§ **Task**: No pictures in the copy. Write out the listing below exactly.

§ **Provided data**:
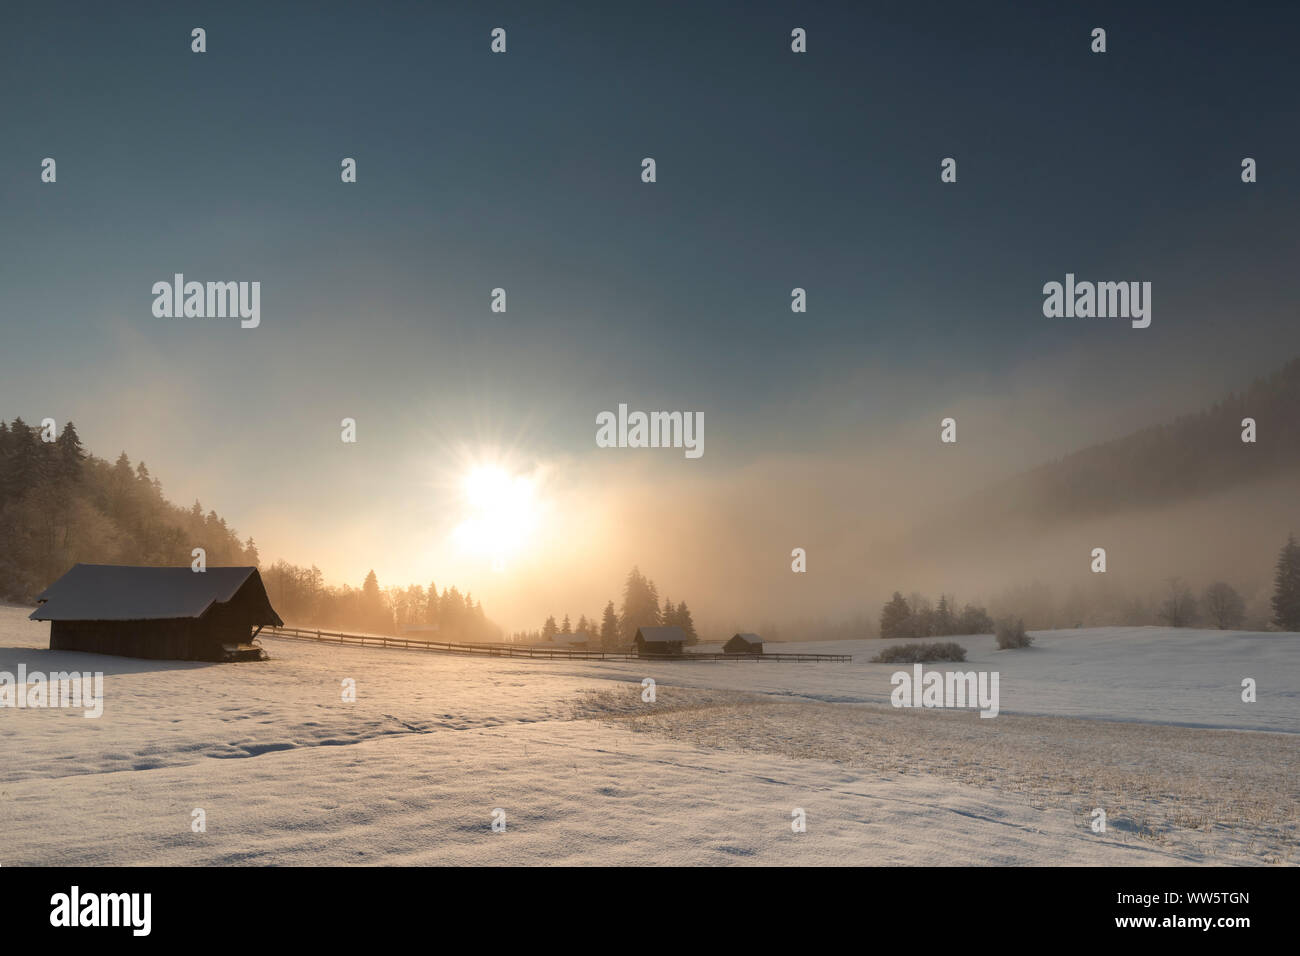 Hut in snow-covered alpine winter landscape close Garmisch Partenkirchen. In the background the rising sun in the morning fog with other wooden huts. Stock Photo
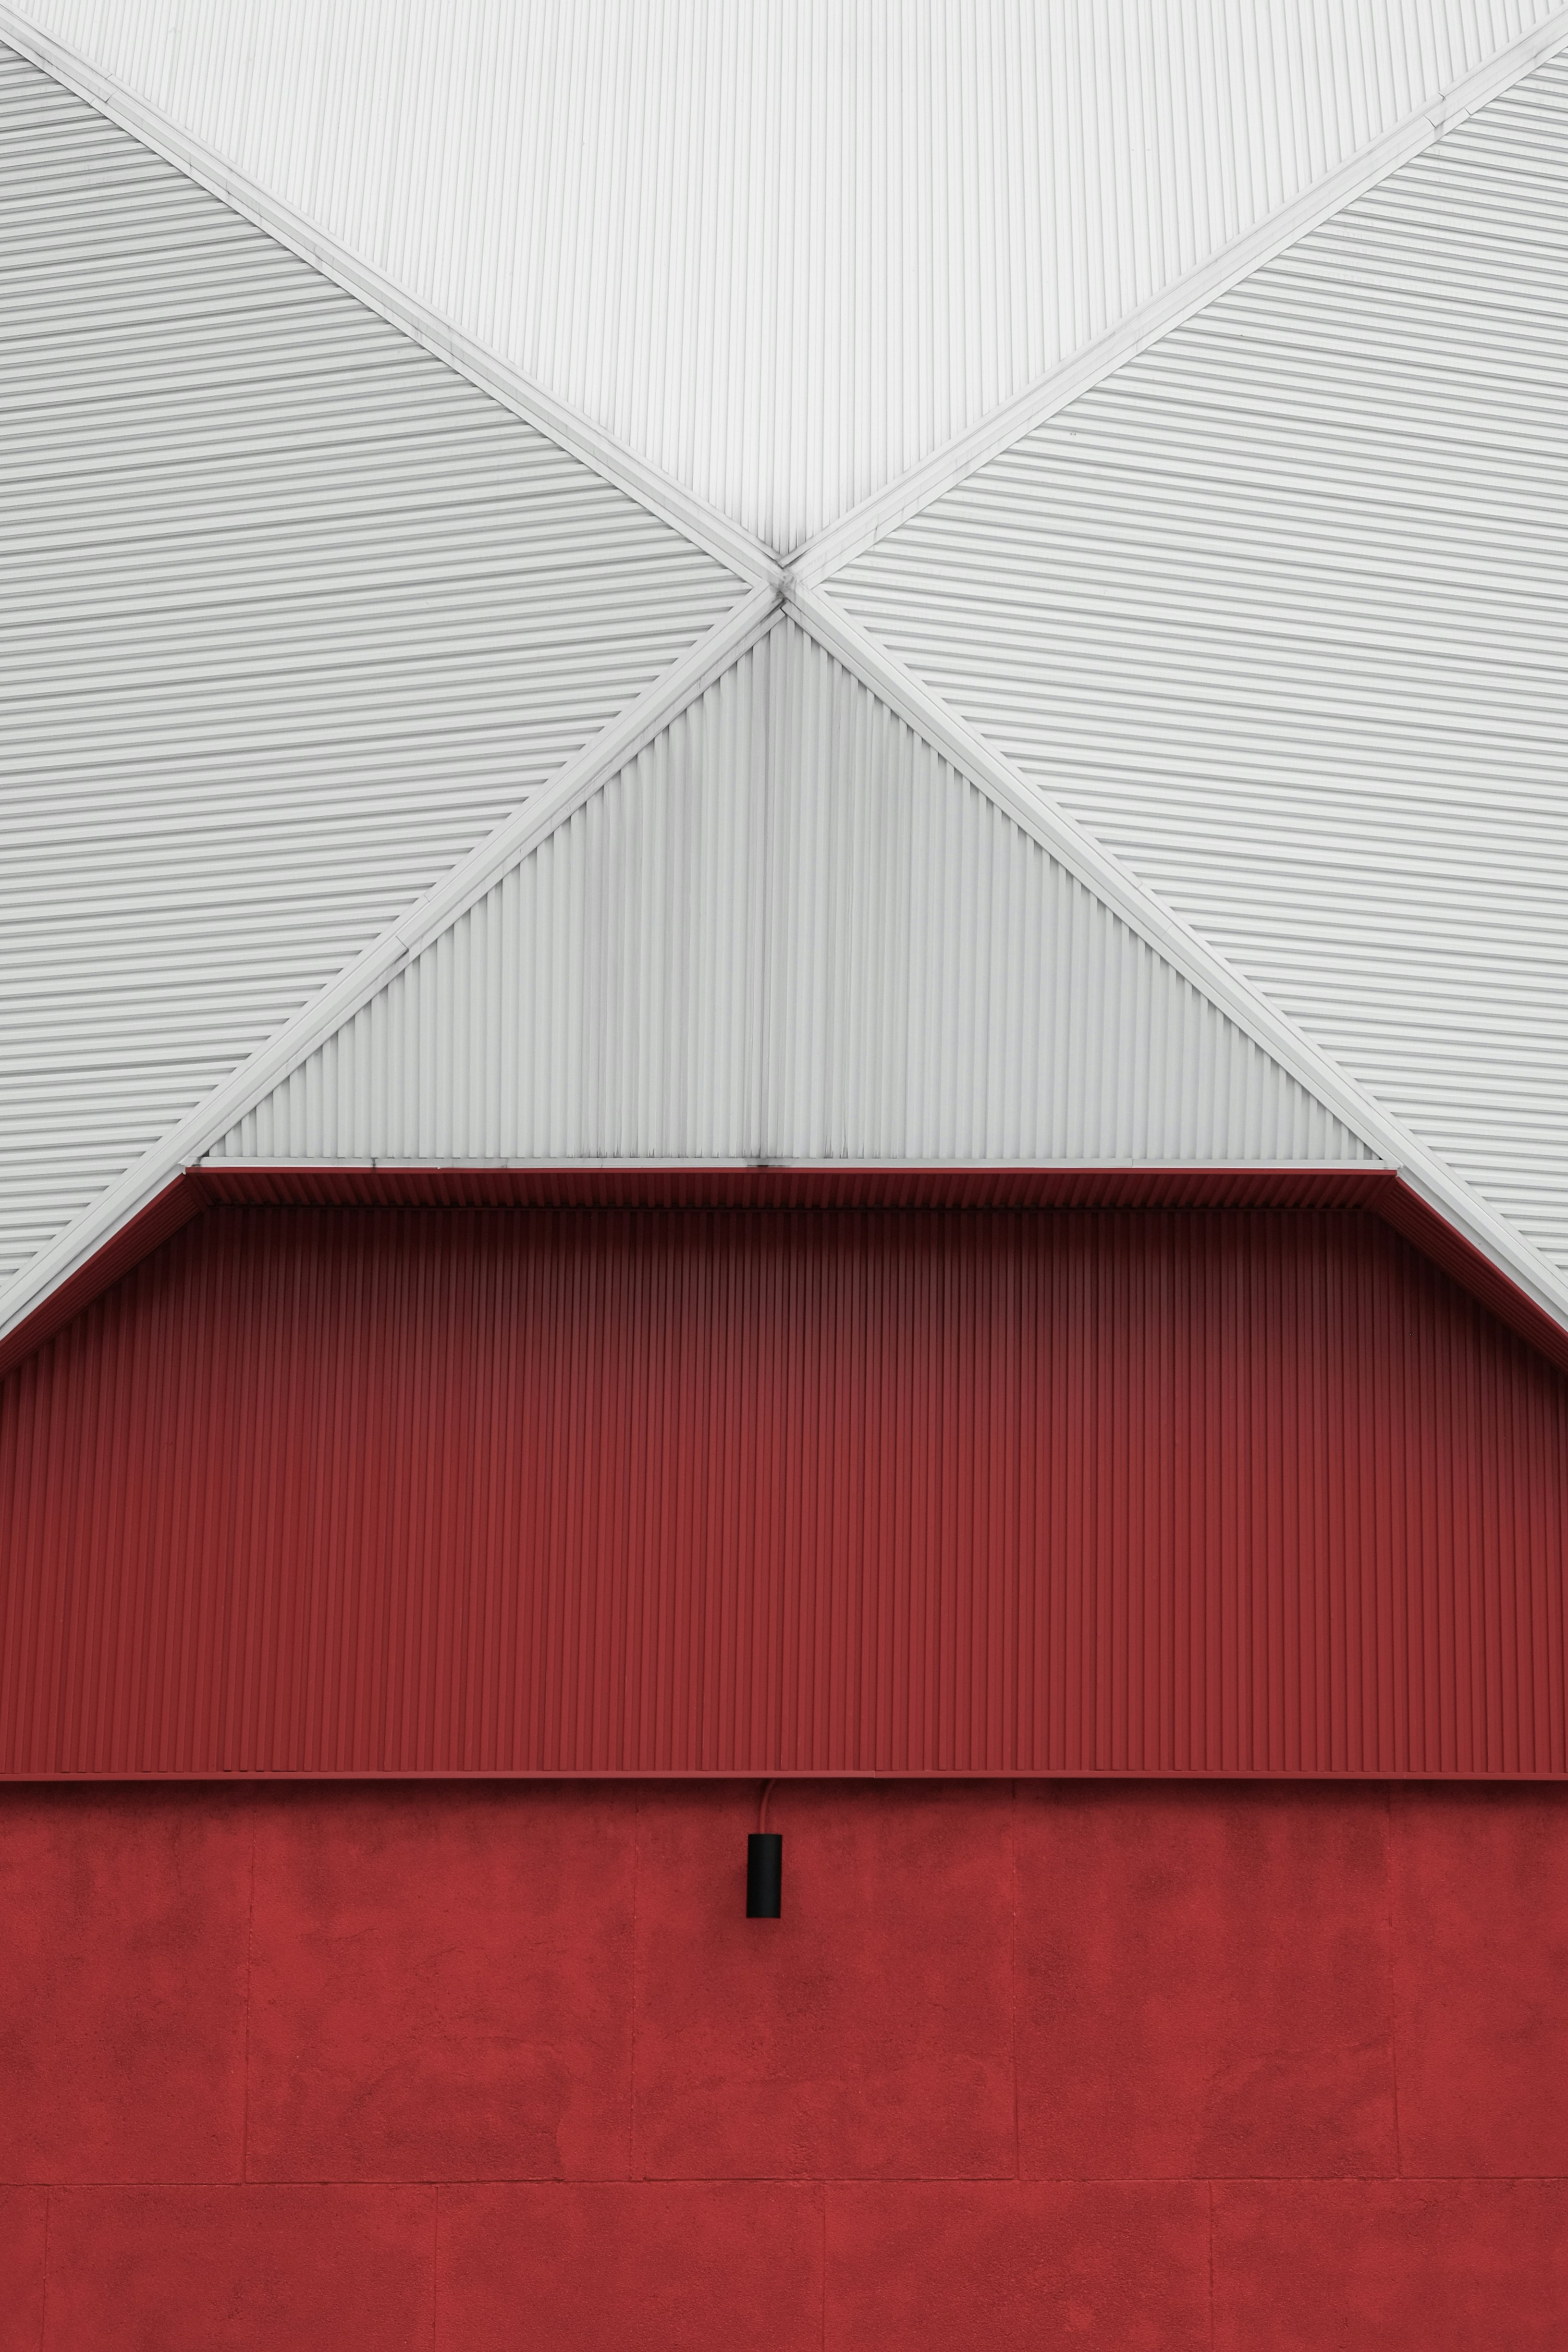 red and white wooden barn
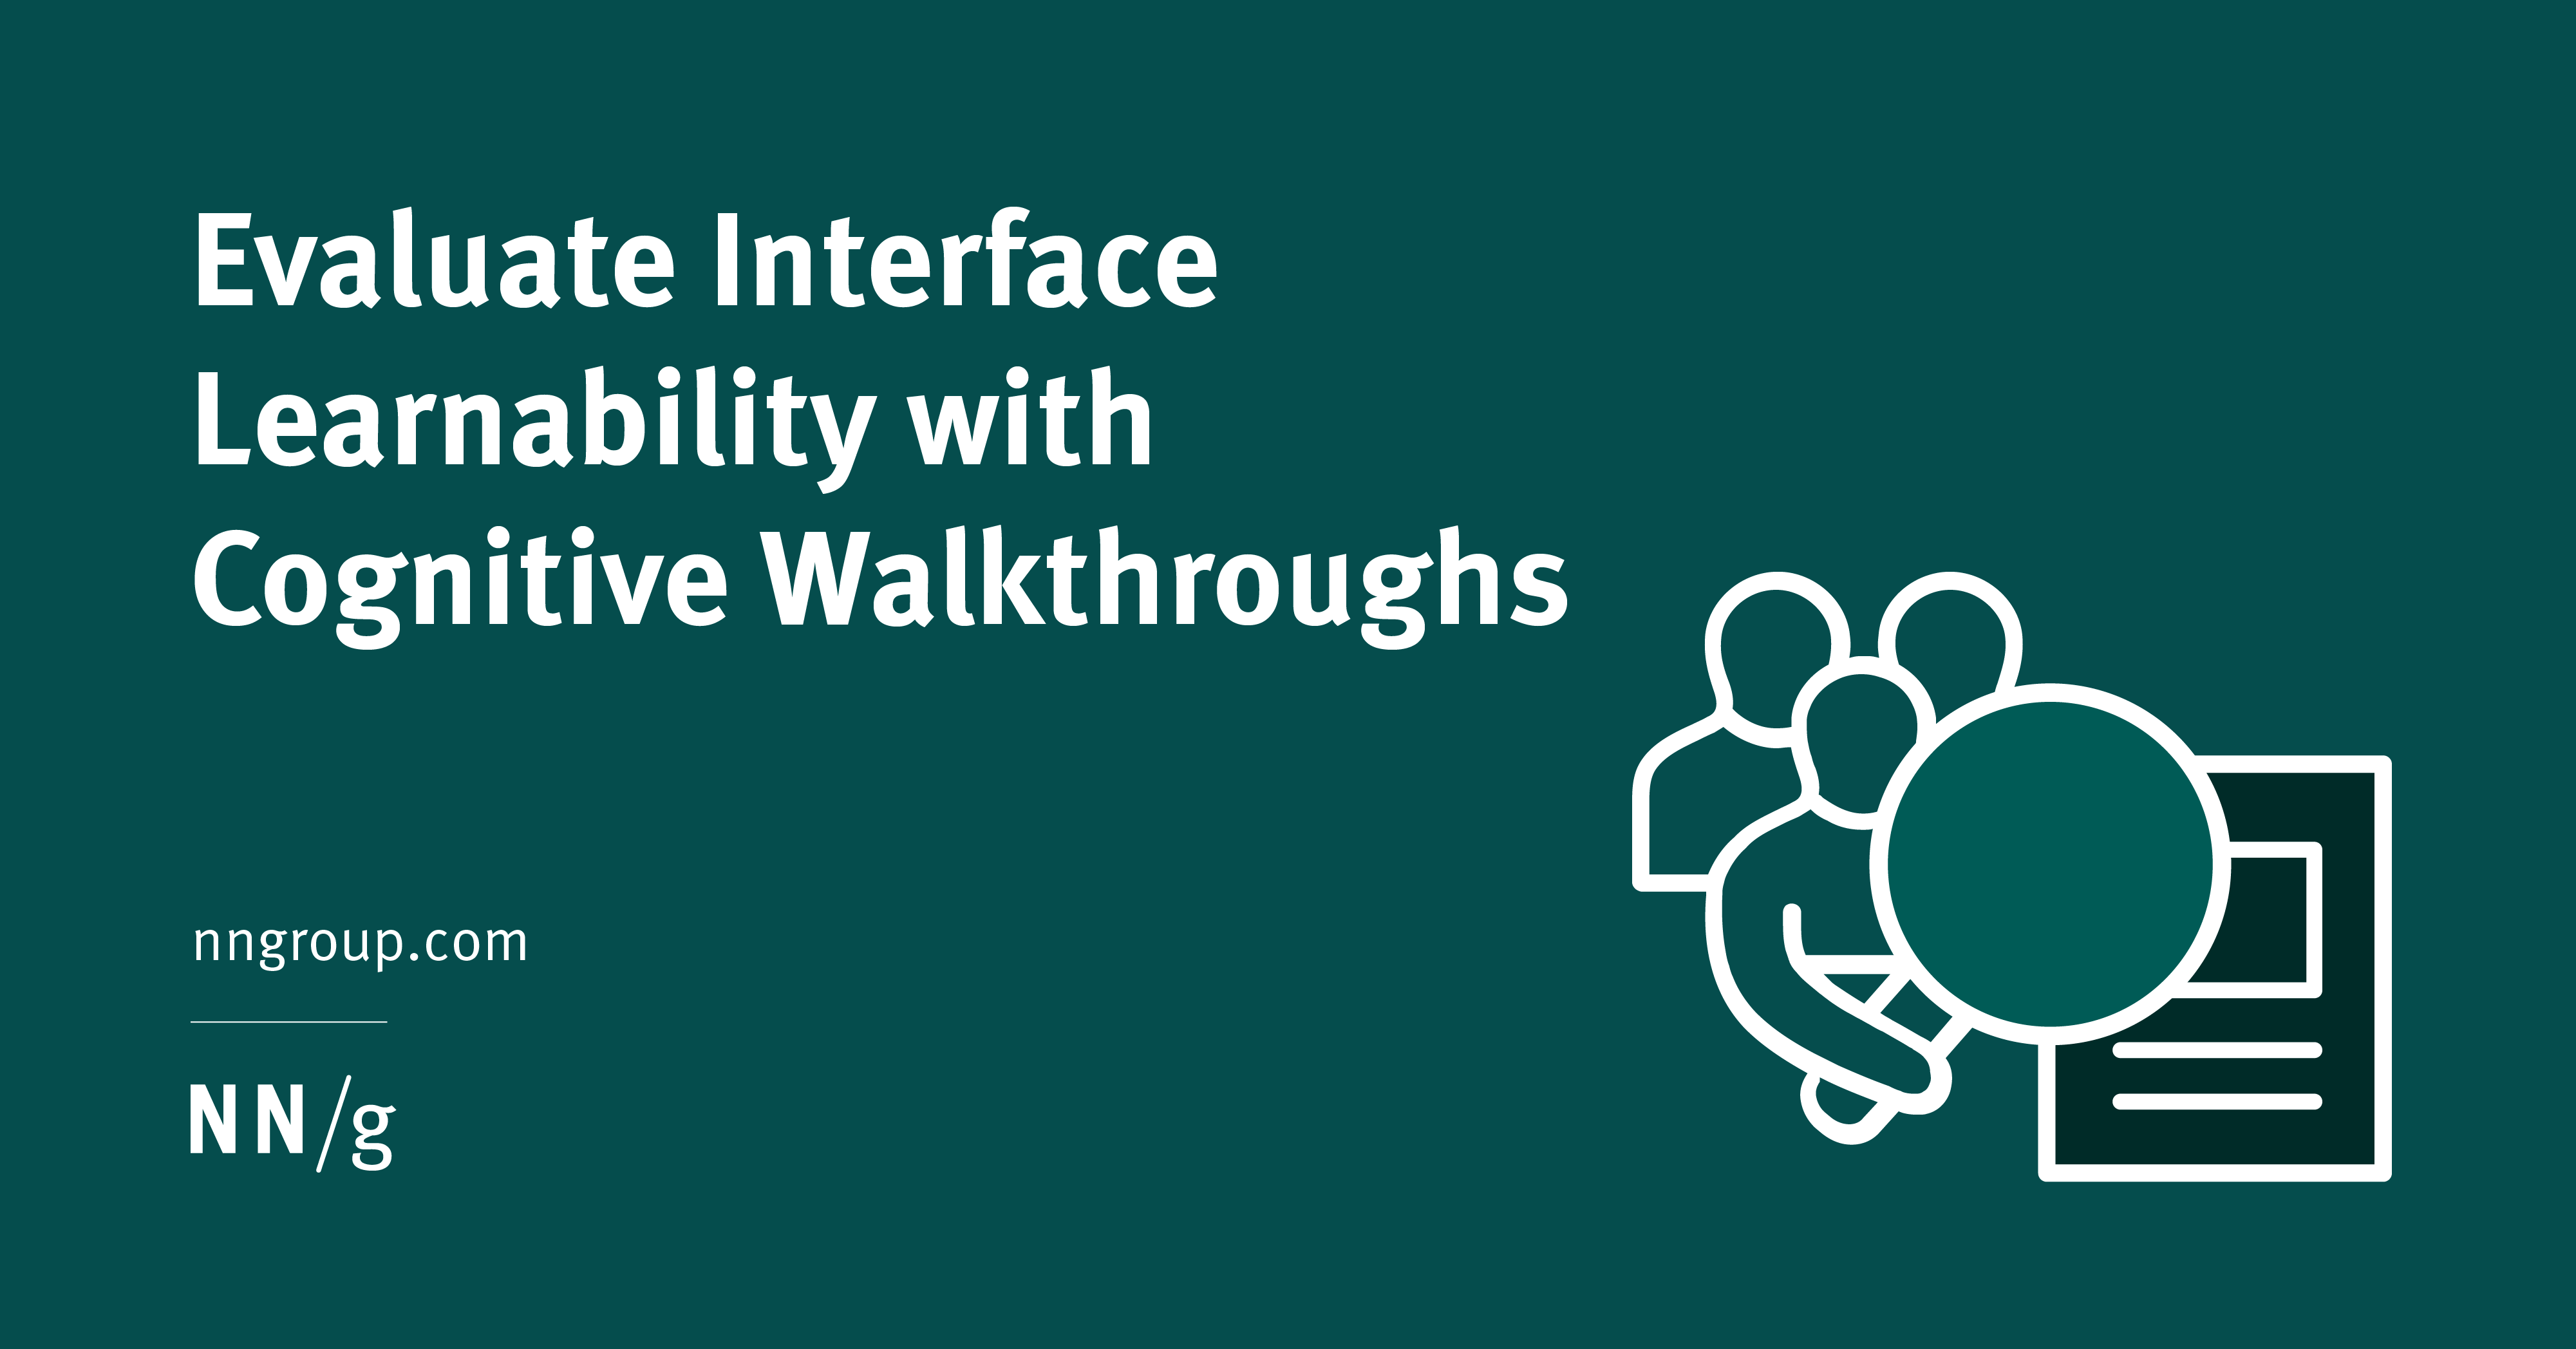 Evaluate Interface Learnability with Cognitive Walkthroughs

§ **Response**:
 Hut in snow-covered alpine winter landscape close Garmisch Partenkirchen. In the background the rising sun in the morning fog with other wooden huts. Stock Photo
 red and white wooden barn
 Evaluate Interface Learnability with Cognitive Walkthroughs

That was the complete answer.